Le projet de loi de prorogation de l’état d’urgence sanitaire, actuellement examiné au Sénat, n’est pas seulement l’occasion pour le Parlement de se prononcer sur une prolongation de cet état d’exception, rendu nécessaire par la pandémie de Covid-19. Le texte permet aussi d’en modifier le cadre. Dans la nuit du 4 au 5 mai 2020, le Sénat, à majorité de droite et du centre, a modifié l’article 2, qui fixe les conditions d’application des régimes de quarantaine et d’isolement, à domicile ou dans un lieu réquisitionné par les pouvoirs publics.
Ces mesures, fixées à 14 jours, ne pourront concerner que les personnes qui entrent sur la partie continentale de la France, en Corse, ou dans les collectivités d’outre-mer, et qui ont séjourné au cours du mois précédent dans une zone de circulation de l’infection. Le matin, la commission des Lois du Sénat avait retiré du projet de loi l’application de ces mesures de quarantaine pour les personnes arrivant en France continentale depuis la Corse.

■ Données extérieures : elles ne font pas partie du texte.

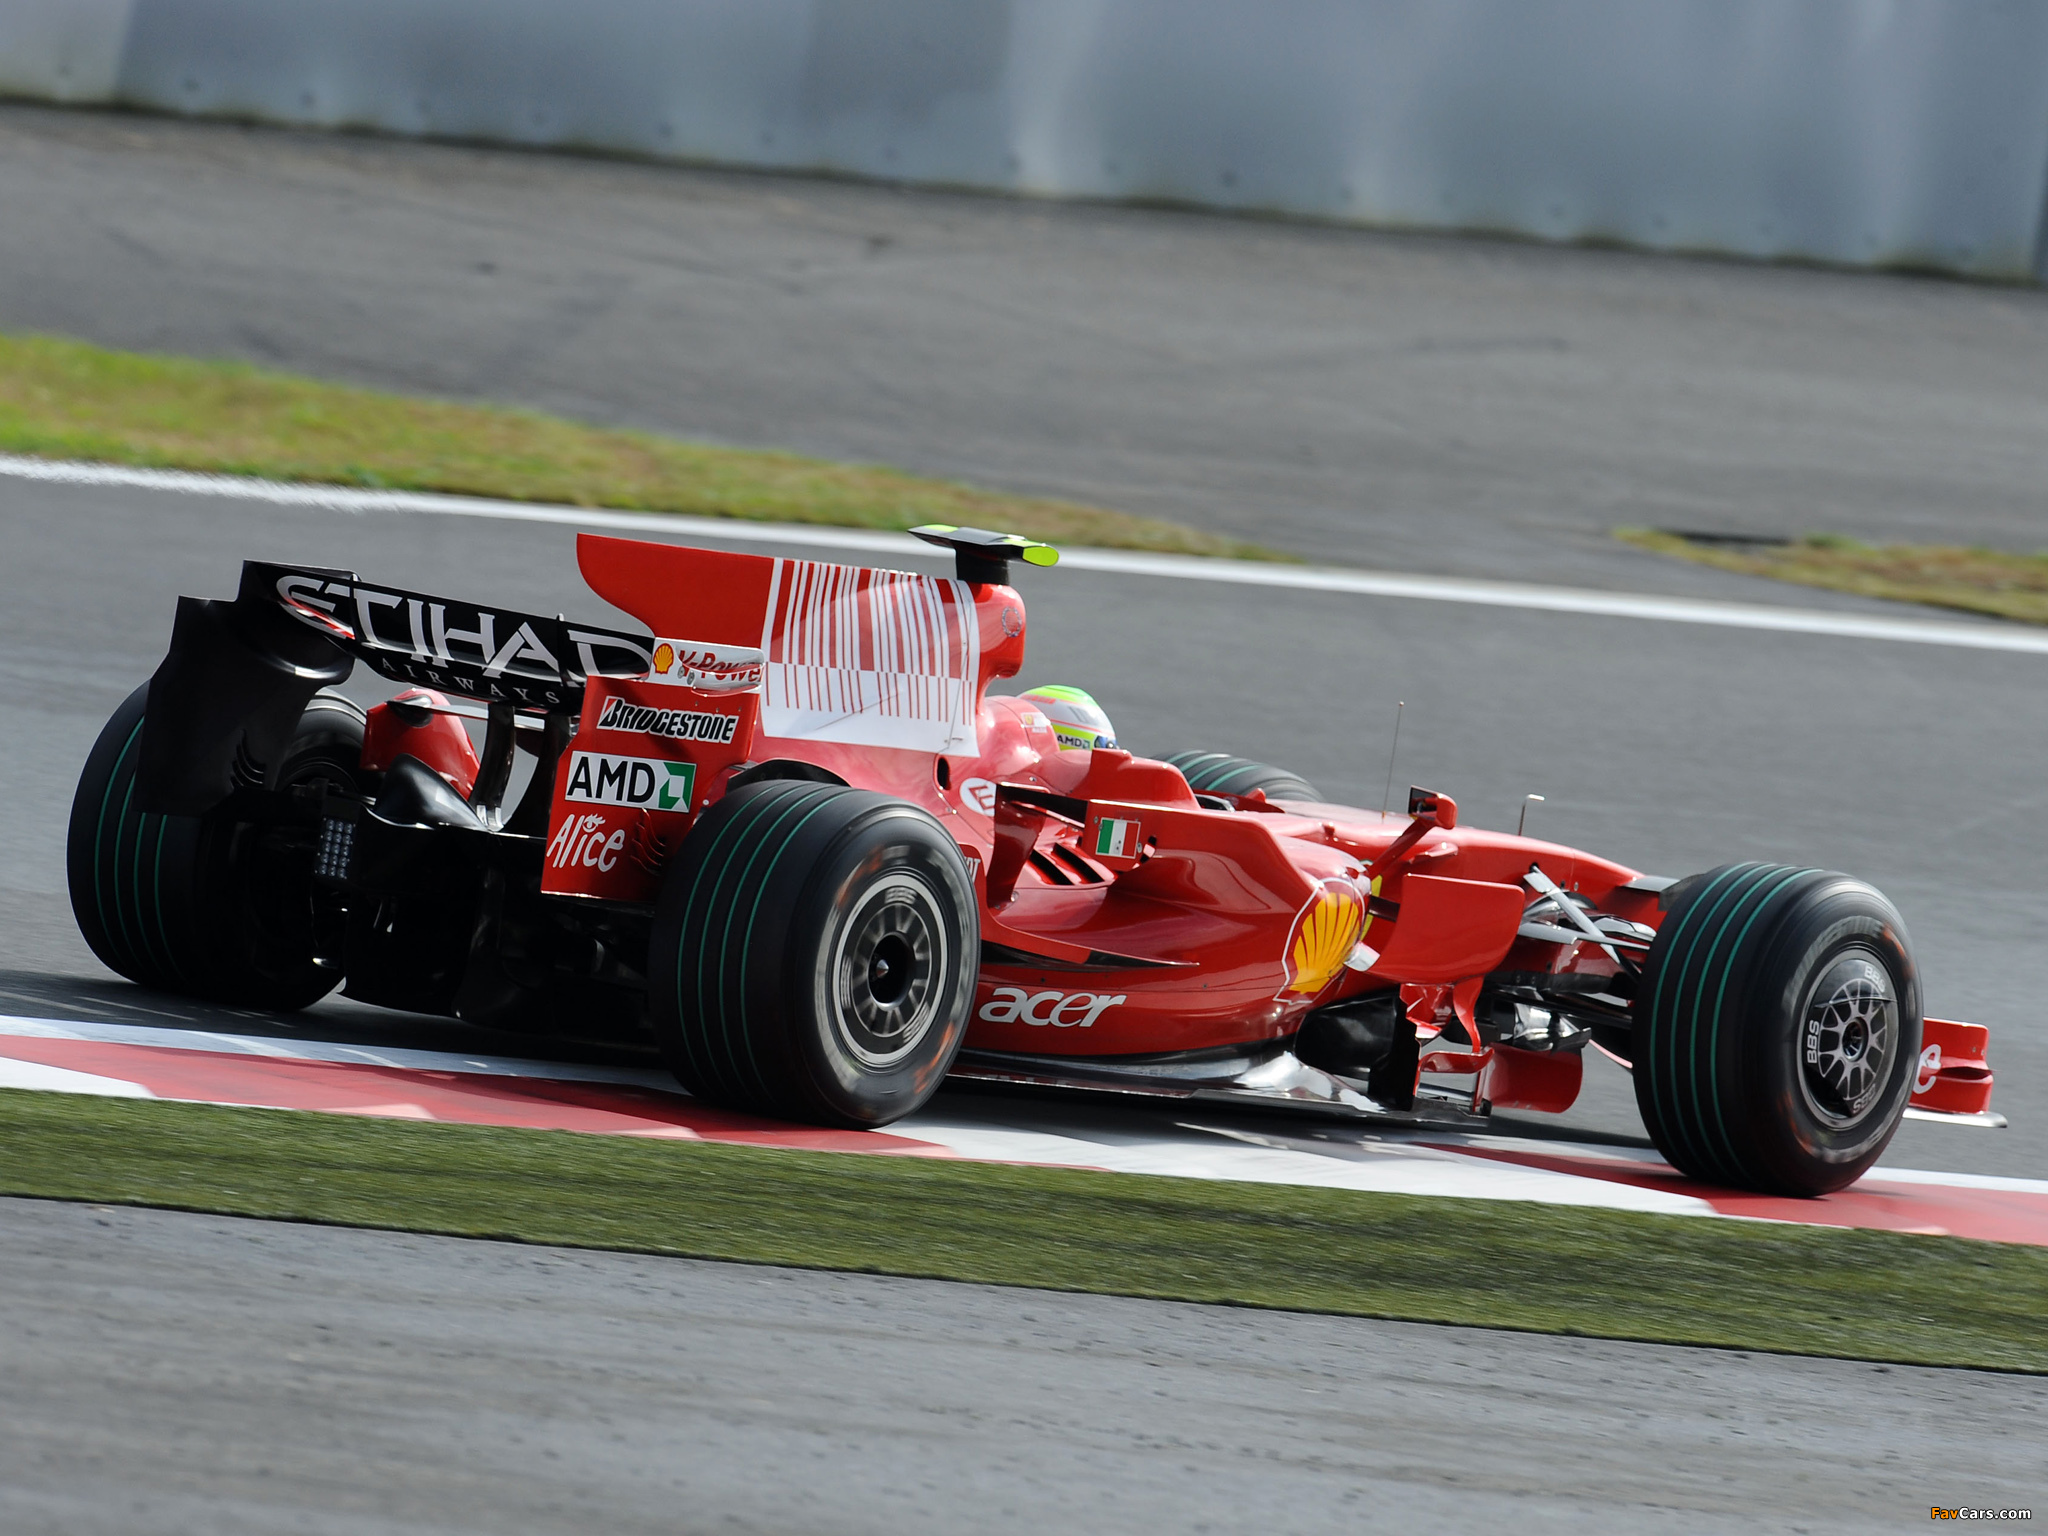 2008 Ferrari F2008

En hémicycle, les sénateurs sont allés plus loin, en refusant que le placement préventif en quarantaine s’applique aux arrivées dans l’Hexagone en provenance des Outre-mer. C’est le résultat d’un amendement qu’a fait adopter Maryse Carrère et plusieurs de ses collègues du groupe RDSE.
Alain Milon défendait une contrainte pour les personnes qui ne respecteraient pas une quatorzaine prescrite par leur médecin
La mouture actuelle des dispositions permises par l’état d’urgence sanitaire a été jugée insuffisante par Alain Milon (LR), médecin et président de la commission des Affaires sociales du Sénat. Pour le sénateur du Vaucluse, ces mesures de quarantaine et d’isolement doivent pouvoir s’appliquer, dans le cas d’une maladie transmissible « hautement contagieuse » comme le coronavirus, à une personne infectée, ou présentant un risque d’infection, qui refuserait une prescription médicale d’isolement prophylactique.

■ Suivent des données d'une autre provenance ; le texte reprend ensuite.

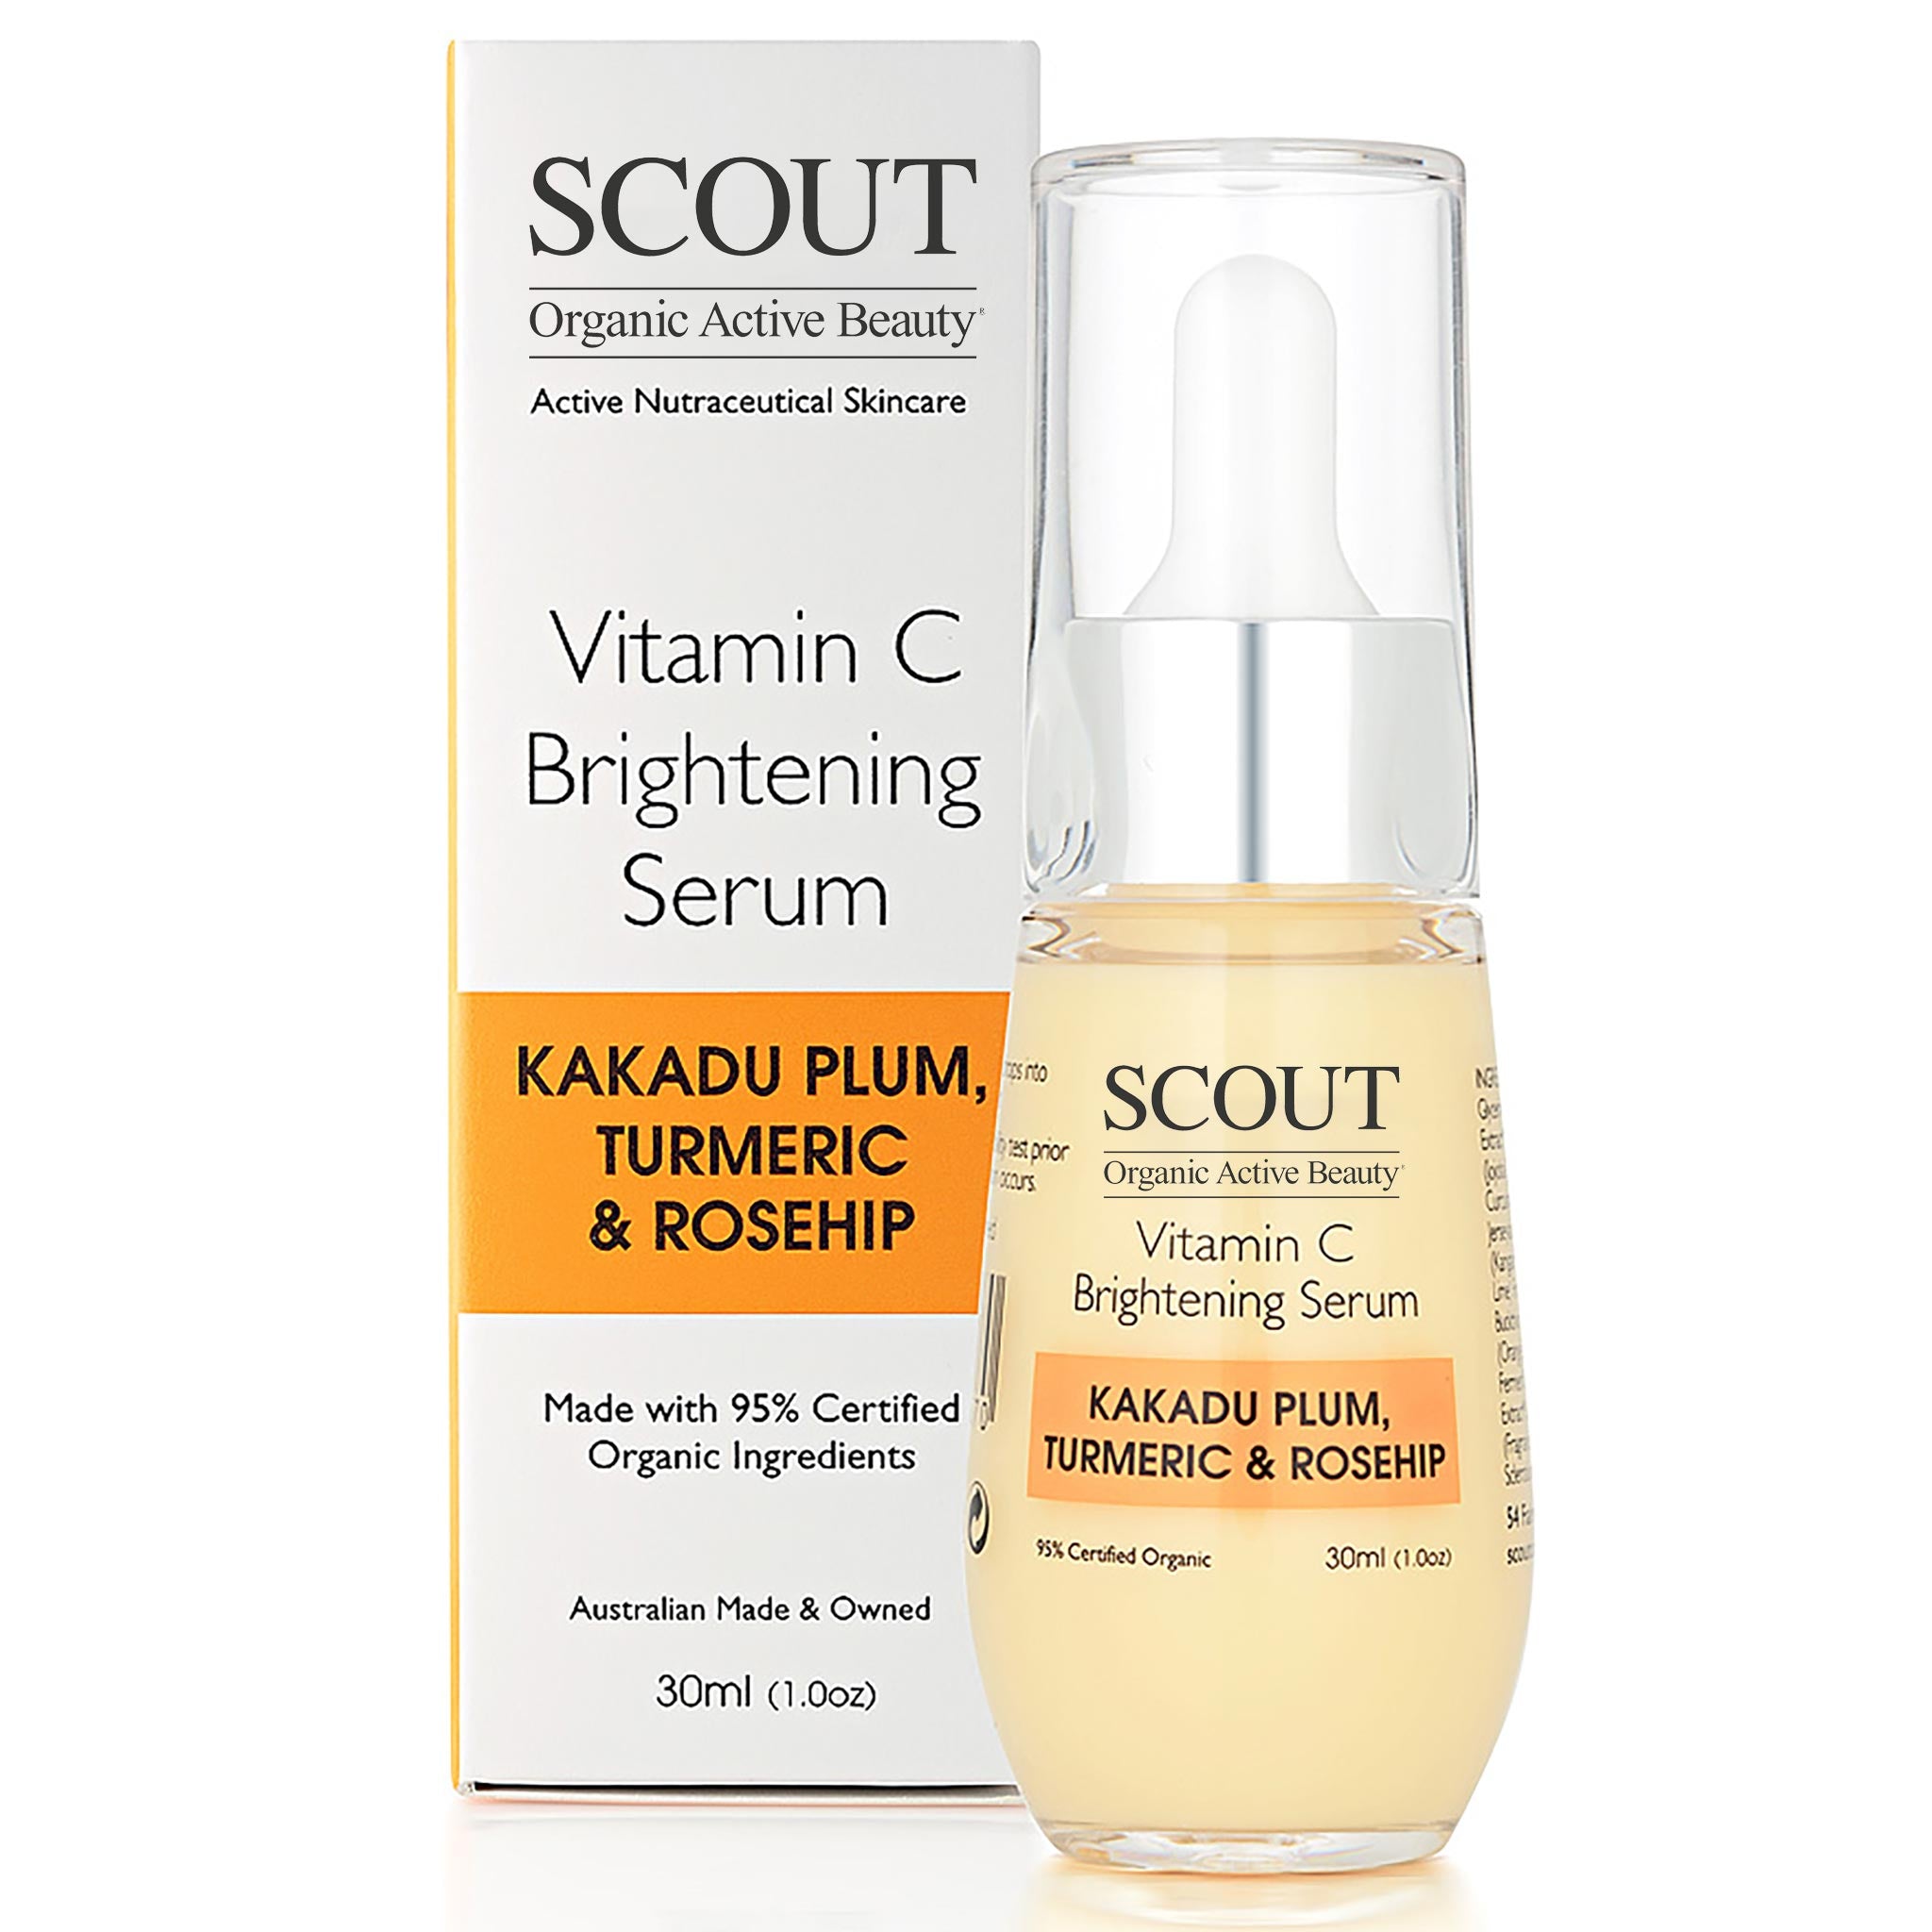 Vitamin C Brightening Serum with Kakadu Plum, Turmeric & Rosehip

Car une telle personne créerait par son comportement, un « risque grave » pour la santé de la population. « Limiter à une simple recommandation, dénuée de tout effet contraignant, ne prémunit absolument pas le pays contre le surgissement d’une deuxième vague », a alerté le président de commission.

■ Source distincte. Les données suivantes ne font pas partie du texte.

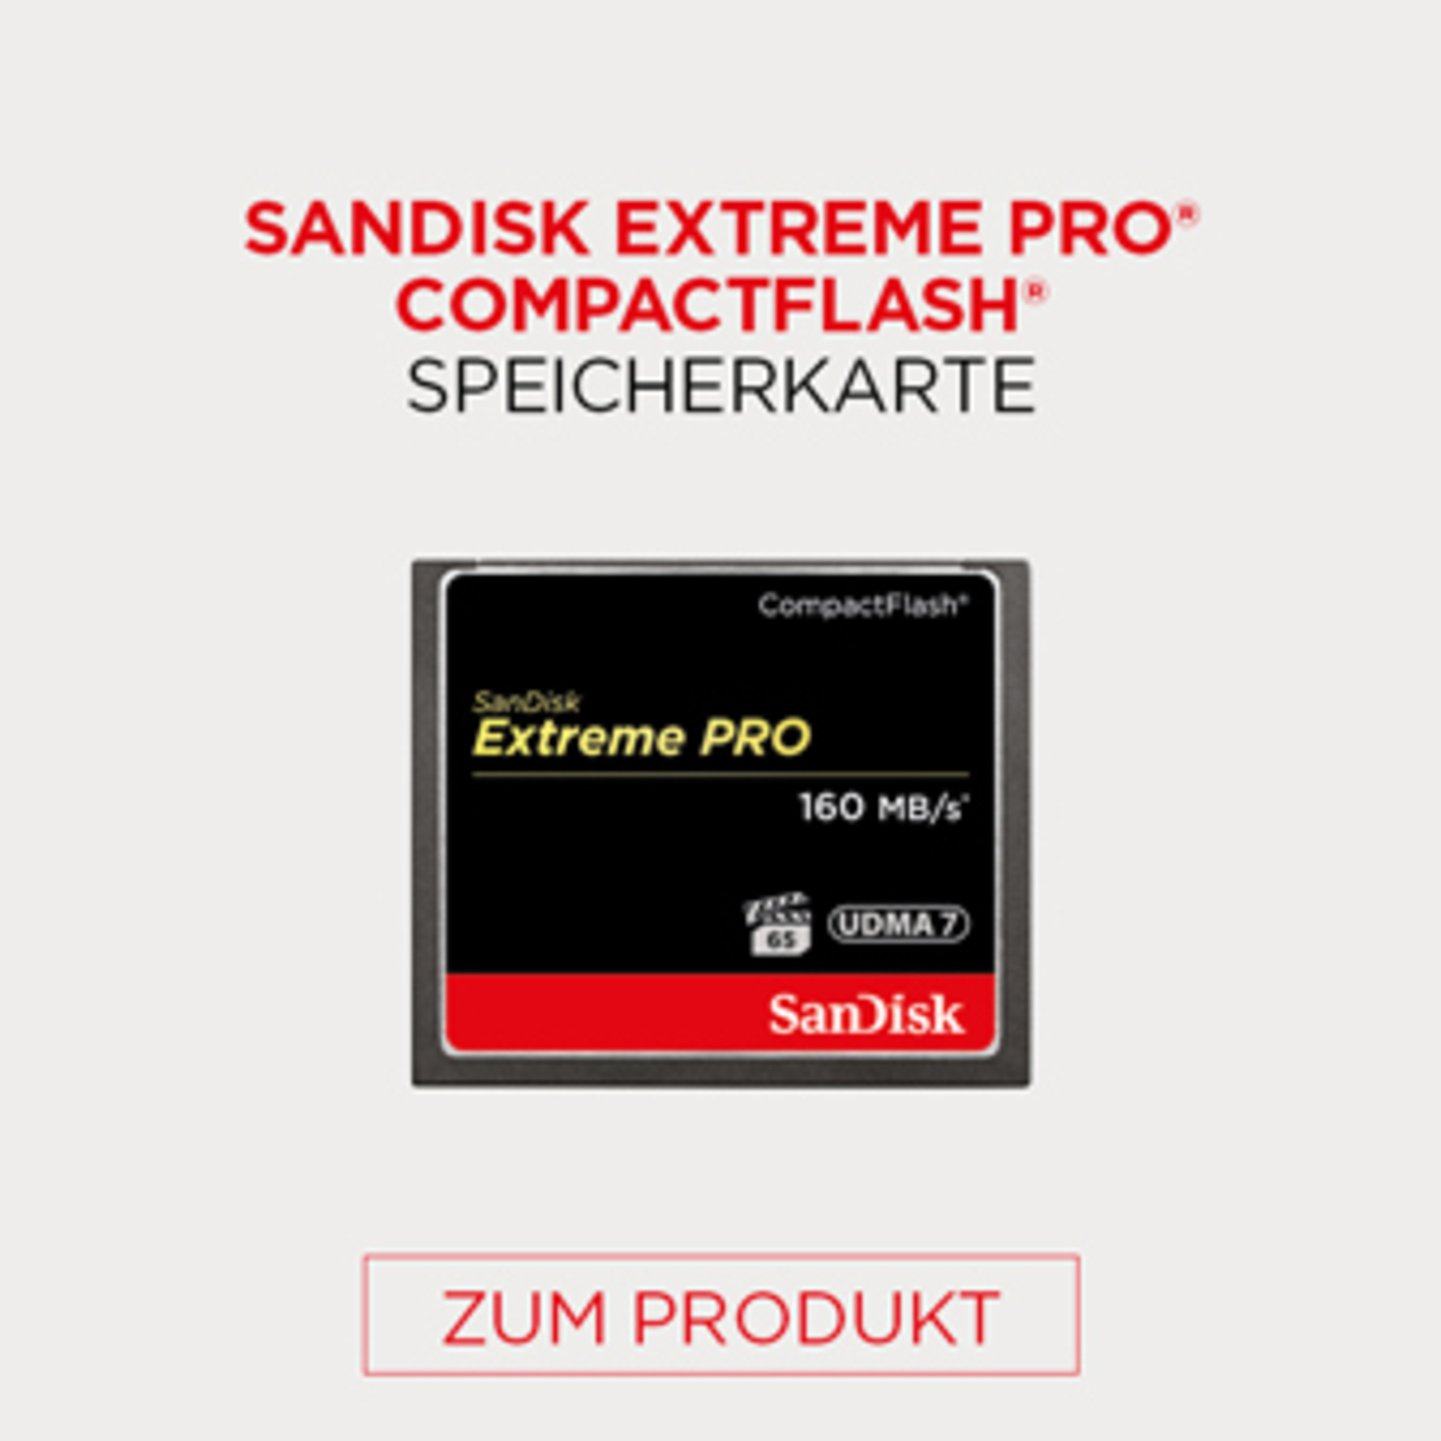 Sandisk Extreme Pro Compactflash Speicherkarte

« Il n’y a pas écrit sur son front mis en quarantaine par arrêté du préfet », fait remarquer Philippe Bas
Comme dans les travaux de commission menés durant la matinée, Philippe Bas, le président (LR) de la commission des Lois, a réussi à convaincre dans l’hémicycle une majorité de sénateurs de se rallier à son point de vue, et donc de ne pas adopter cet amendement. « Si le régime est un régime de contrainte, il va y avoir de nombreuses stratégies de d’évitement, de contournement. Des personnes dissimuleront qu'elles sont porteuses du virus », a mis en garde Philippe Bas. Autre argument pour le sénateur de la Manche : la mesure aurait été inapplicable. « C’est une fiction que de prévoir ce régime de contrainte, qui ne sera pas appliqué car nous n’avons pas les moyens de l’appliquer. La personne dans la rue, il n’y a pas écrit sur son front mis en quarantaine par arrêté du préfet. »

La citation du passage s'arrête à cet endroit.